# Source material
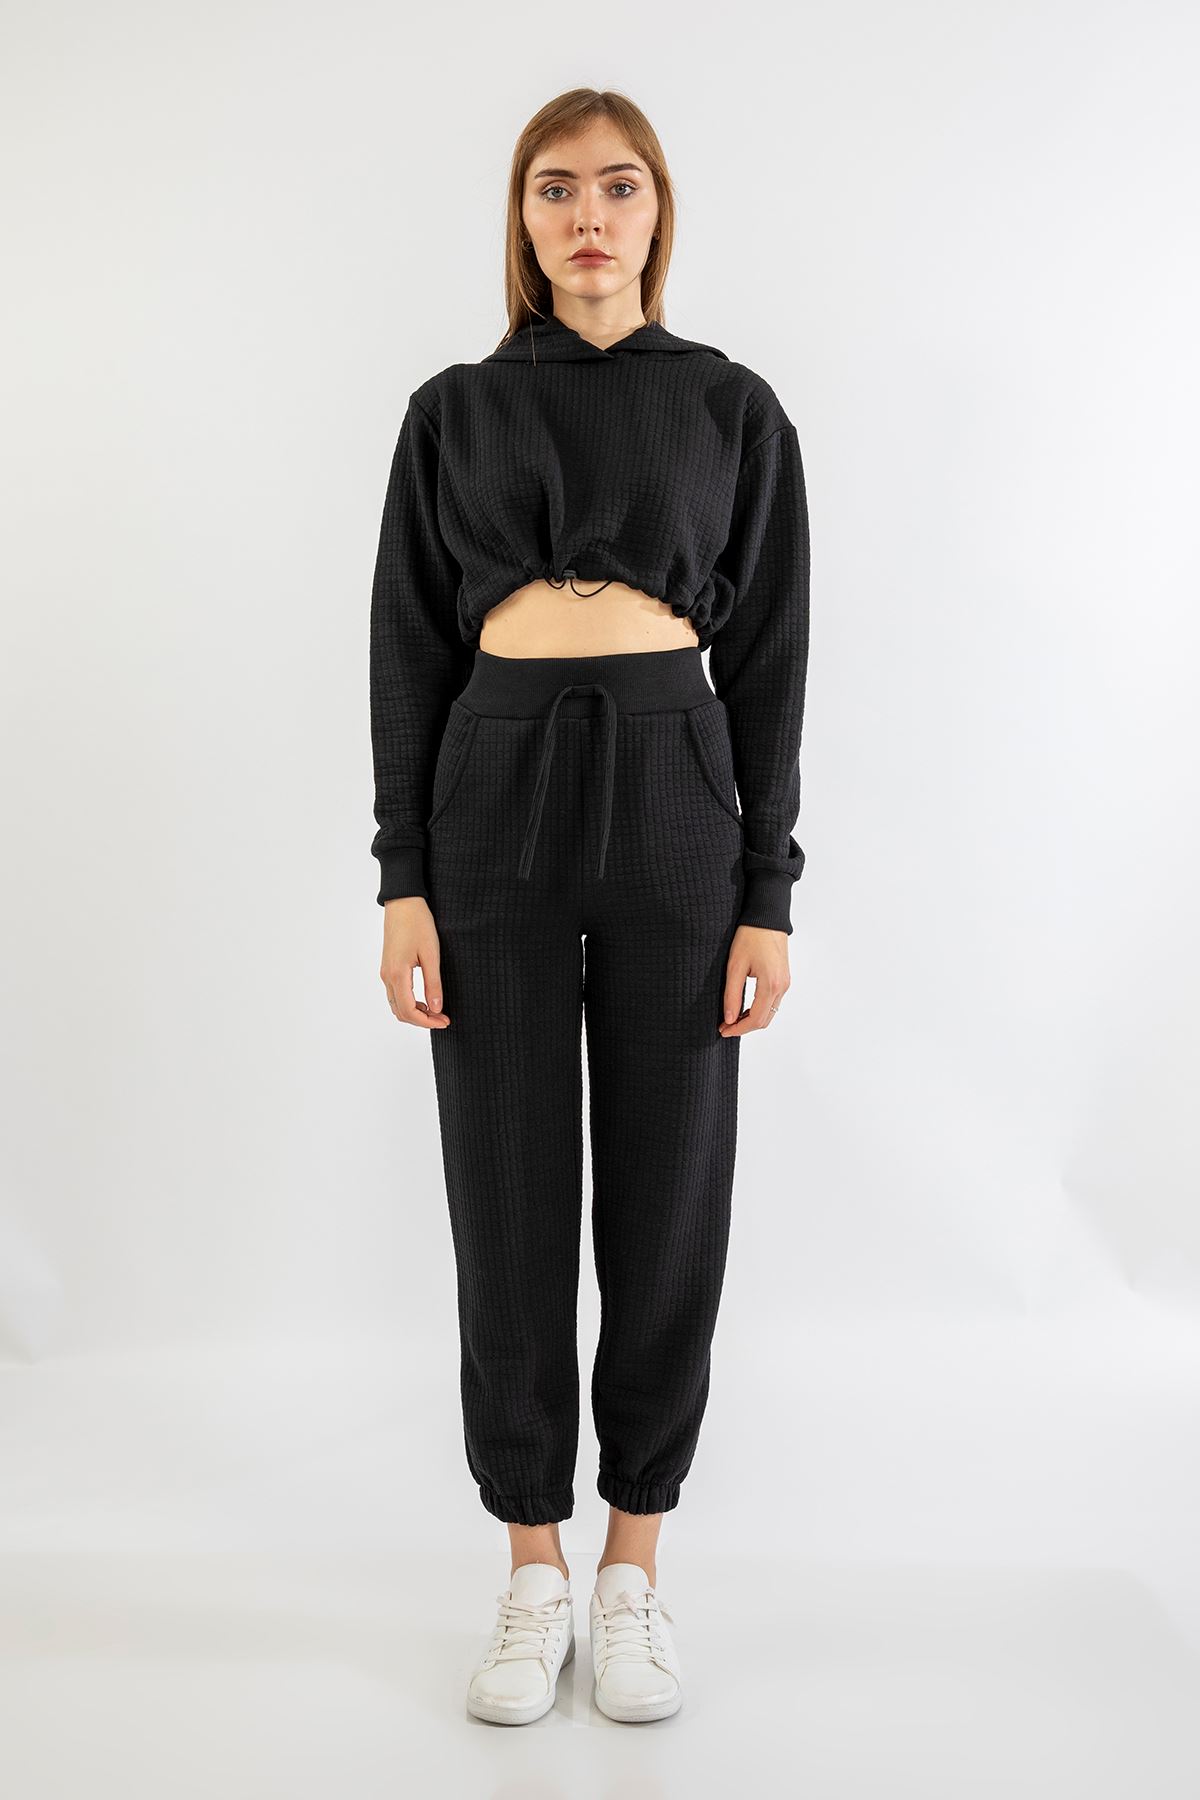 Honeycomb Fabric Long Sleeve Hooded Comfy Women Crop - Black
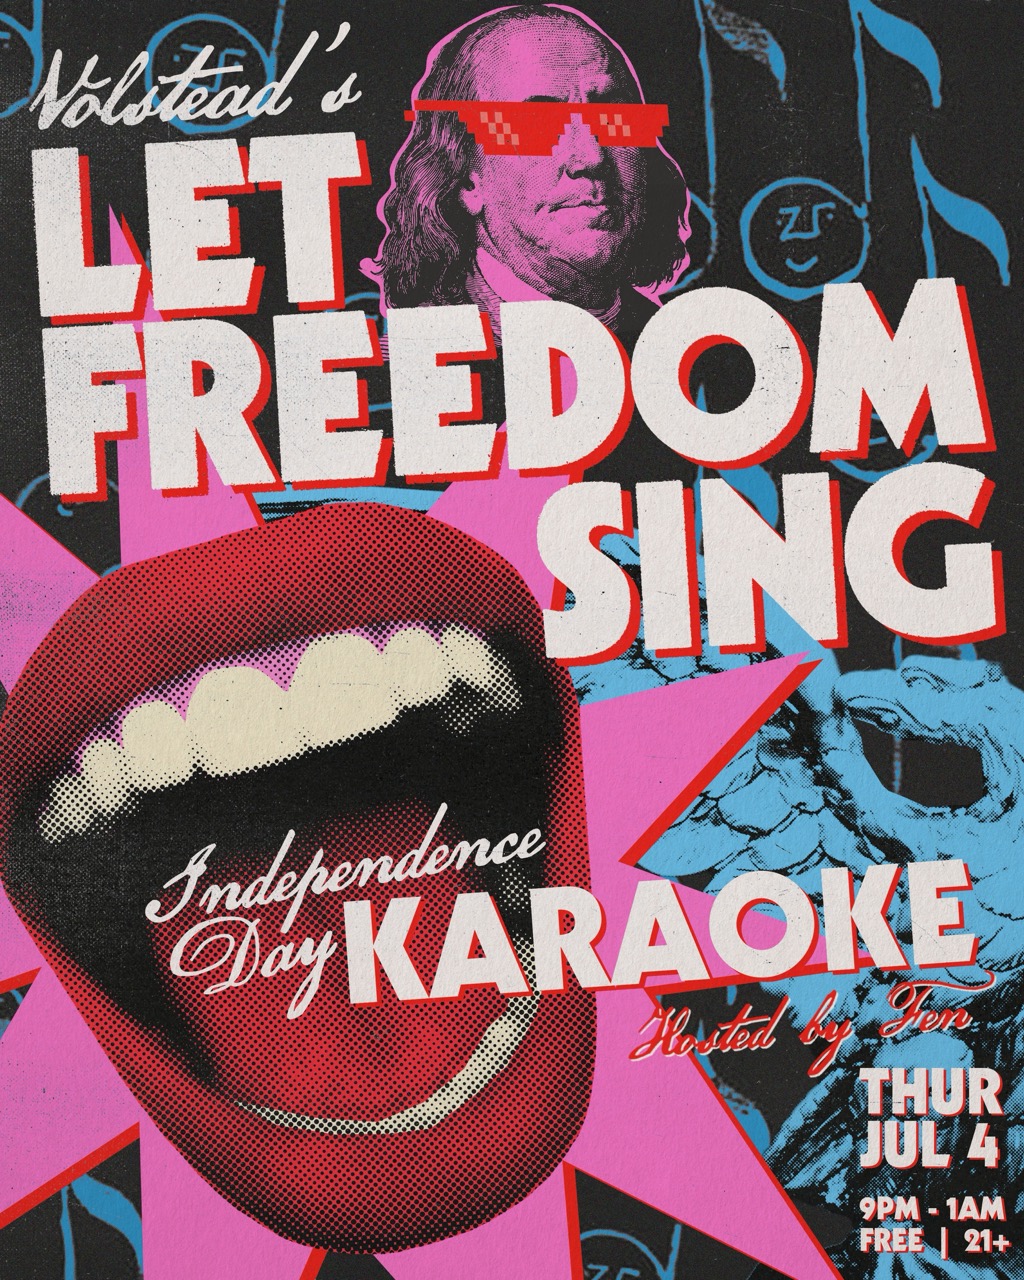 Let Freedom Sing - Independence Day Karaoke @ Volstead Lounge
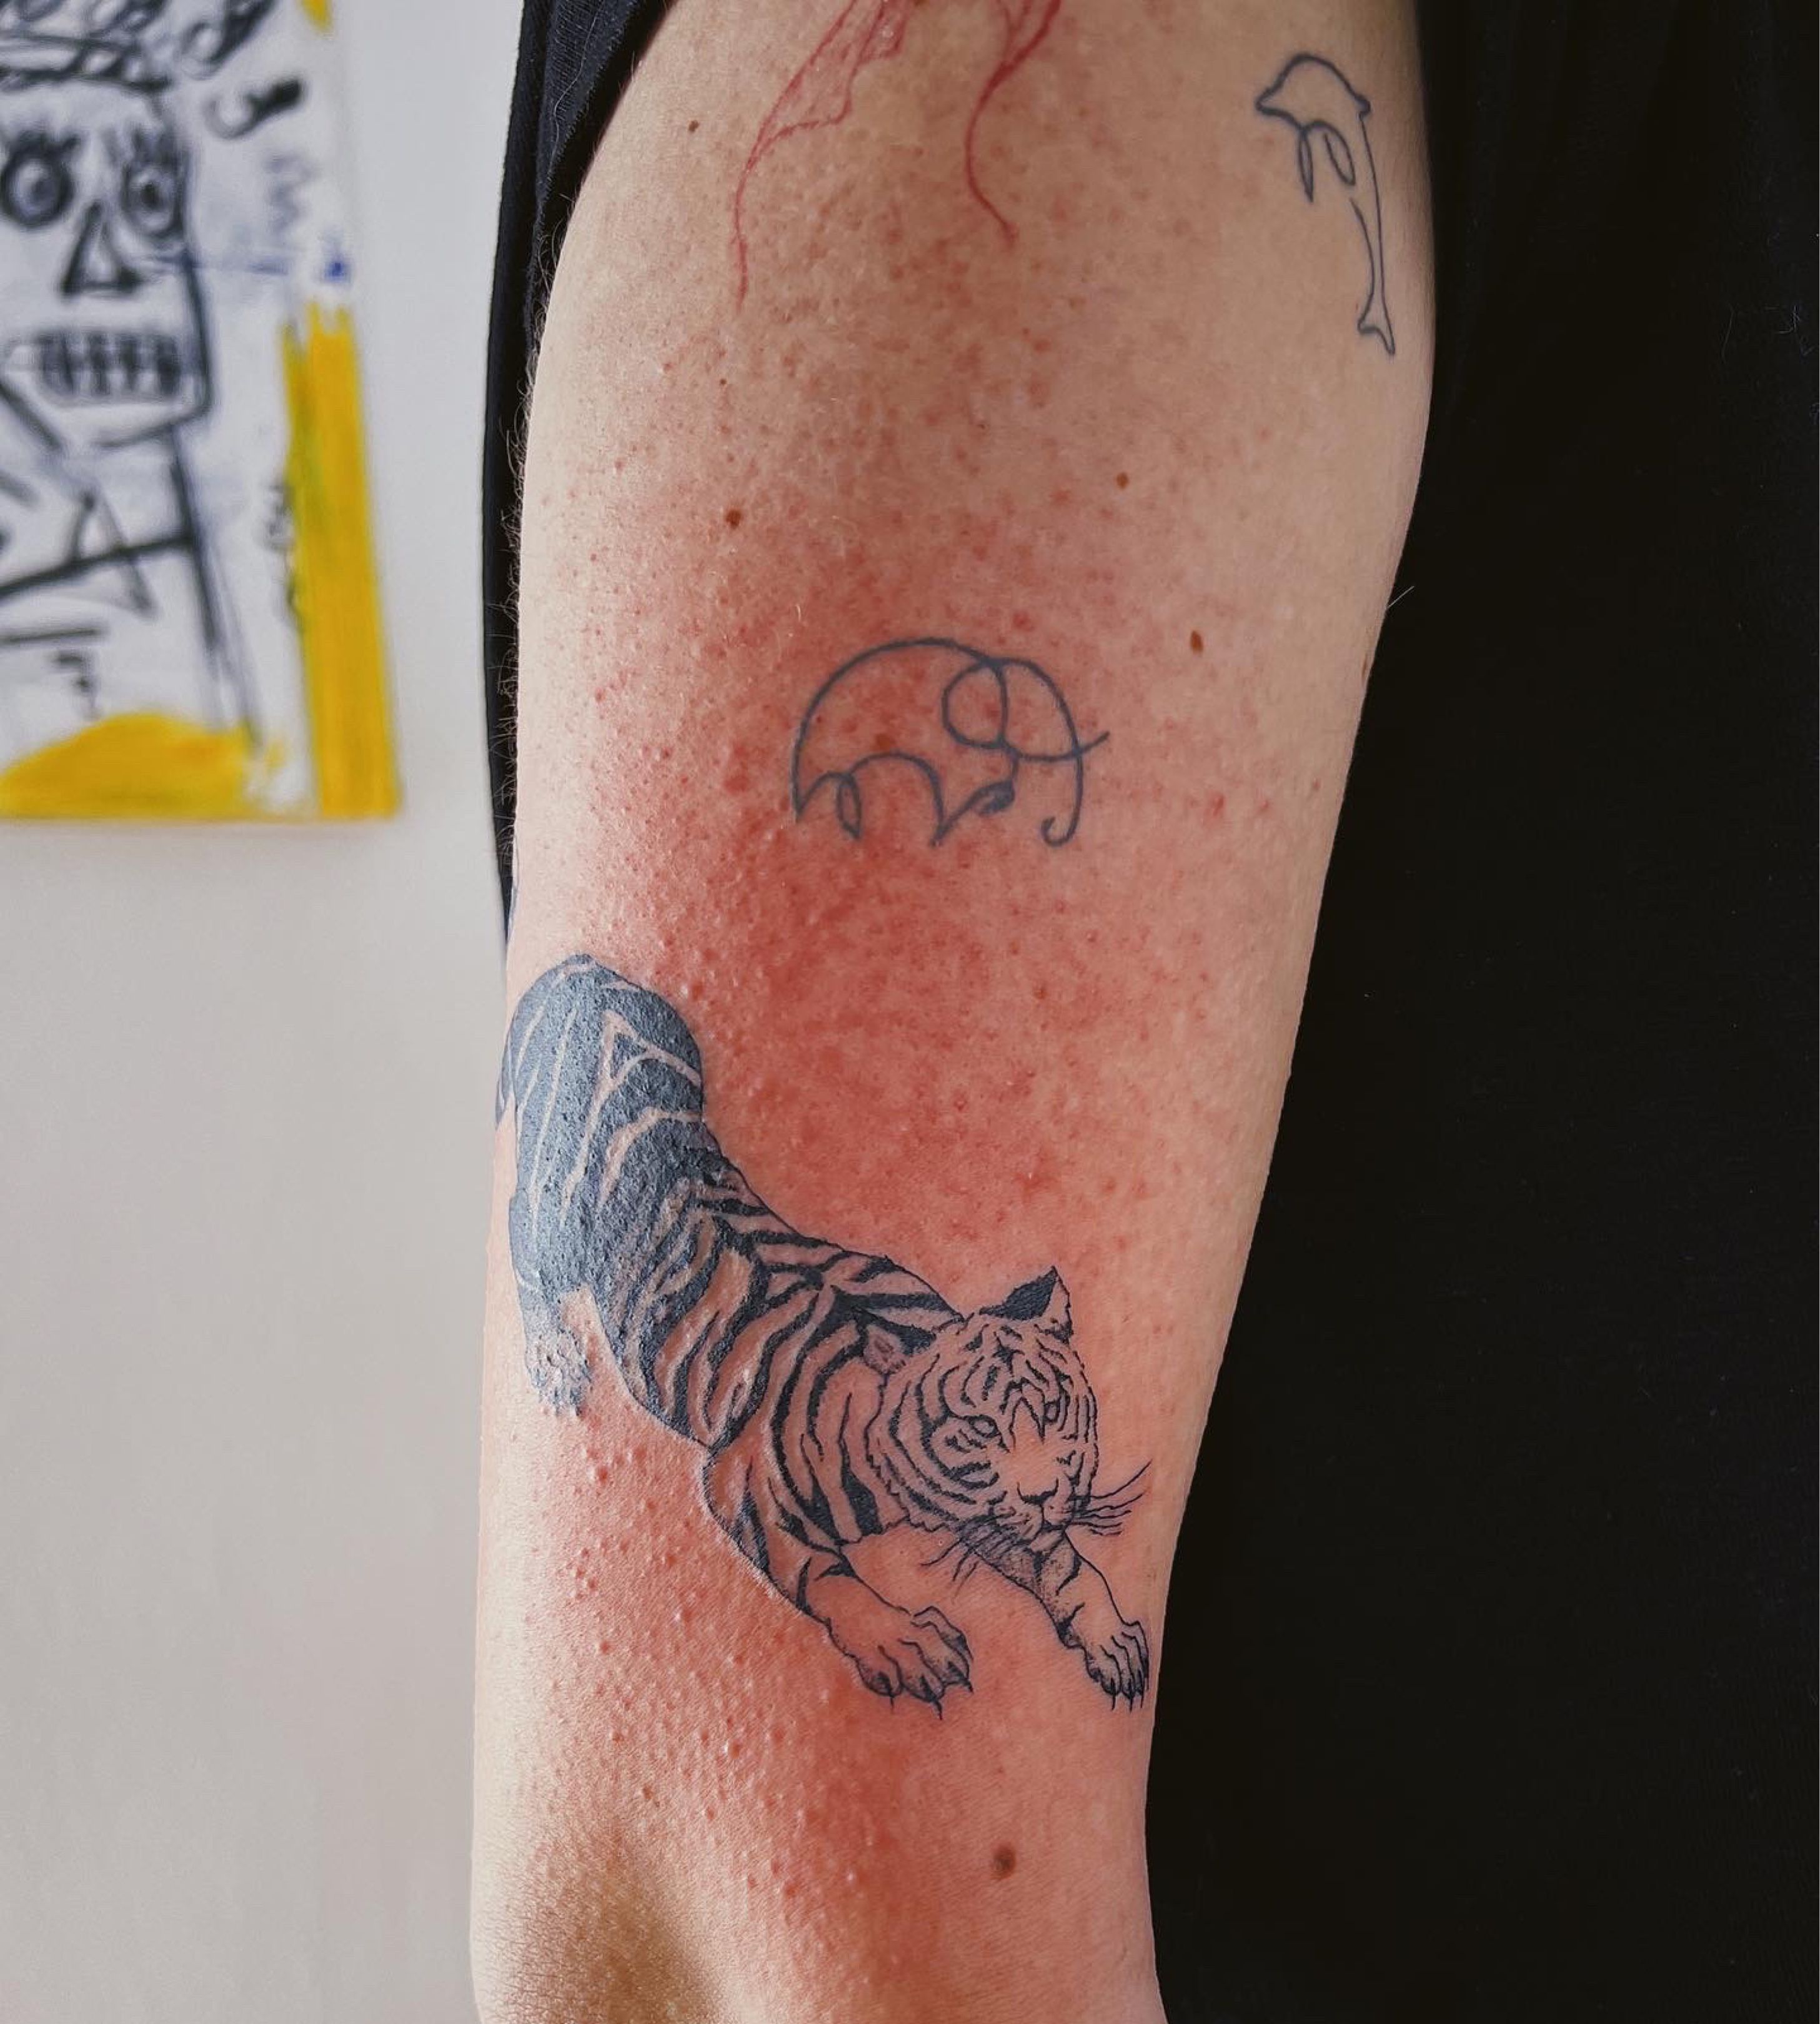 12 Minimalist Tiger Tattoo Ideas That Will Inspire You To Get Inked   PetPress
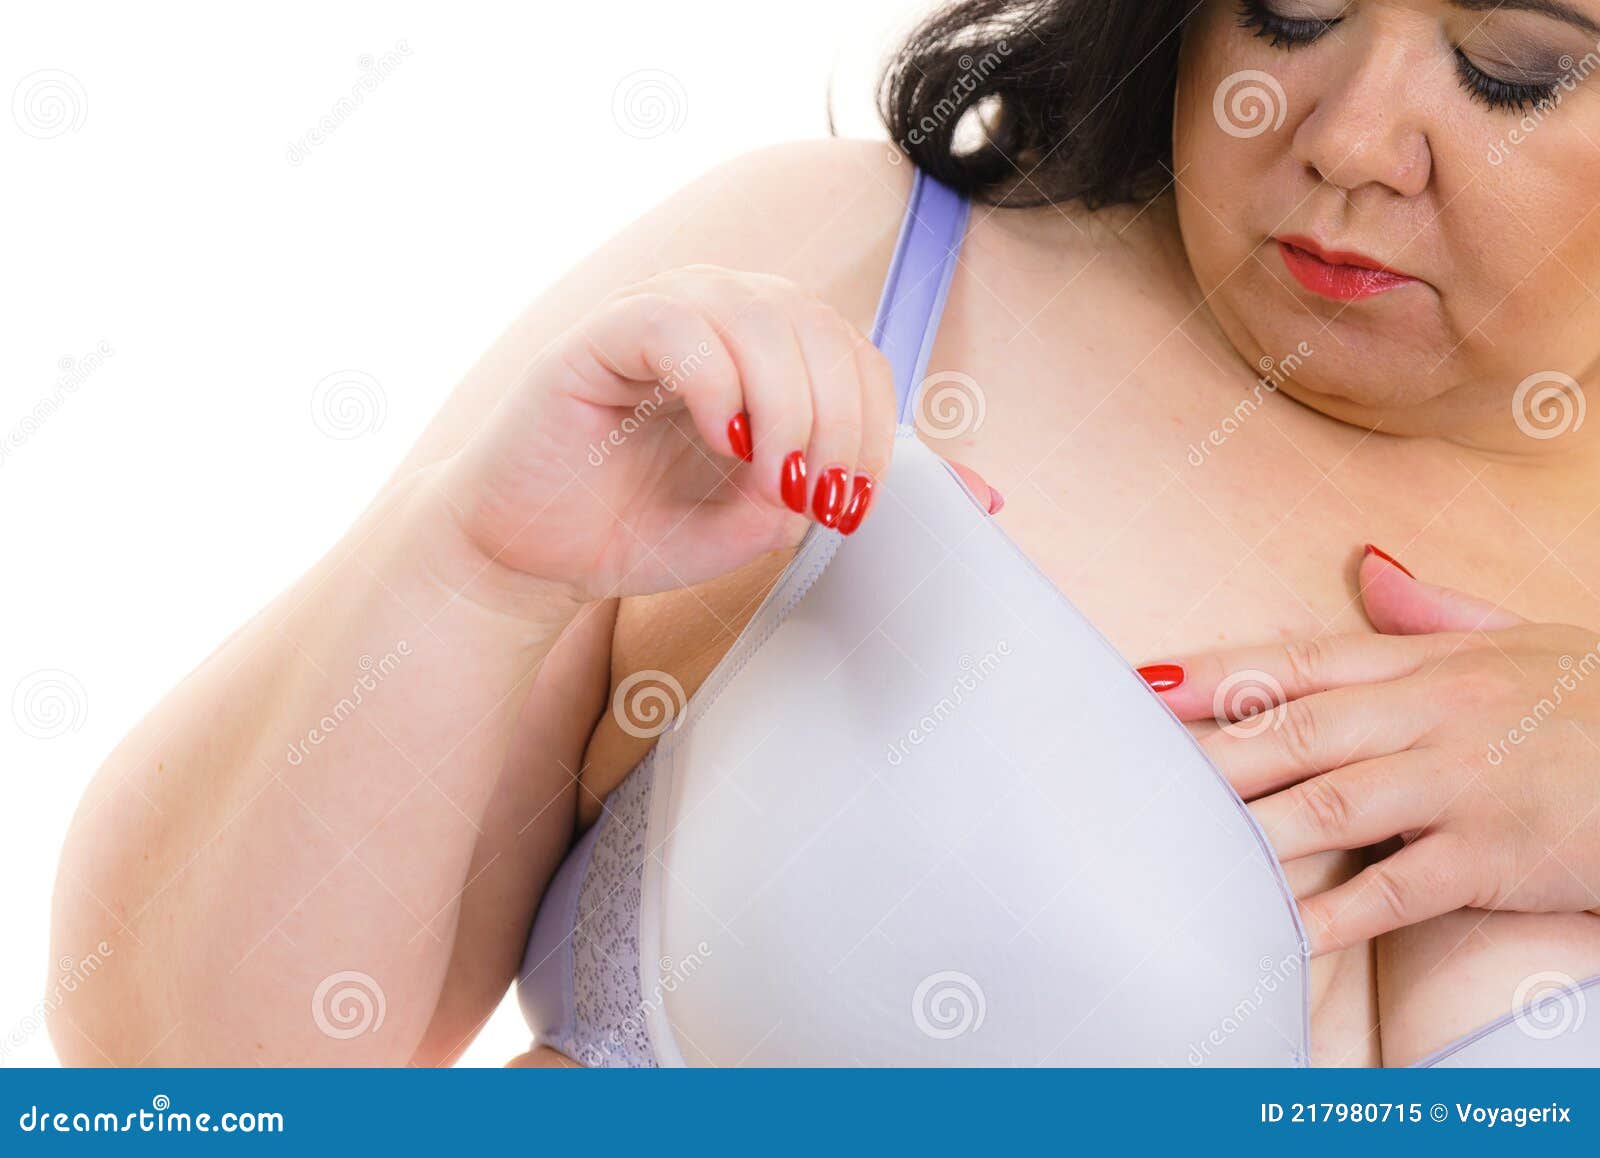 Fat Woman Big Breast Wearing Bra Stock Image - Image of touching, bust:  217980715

# Try it
Give the data above again exactly. Leave the pictures out.

# Task response
 Honeycomb Fabric Long Sleeve Hooded Comfy Women Crop - Black
 Let Freedom Sing - Independence Day Karaoke @ Volstead Lounge
 12 Minimalist Tiger Tattoo Ideas That Will Inspire You To Get Inked   PetPress
 Fat Woman Big Breast Wearing Bra Stock Image - Image of touching, bust:  217980715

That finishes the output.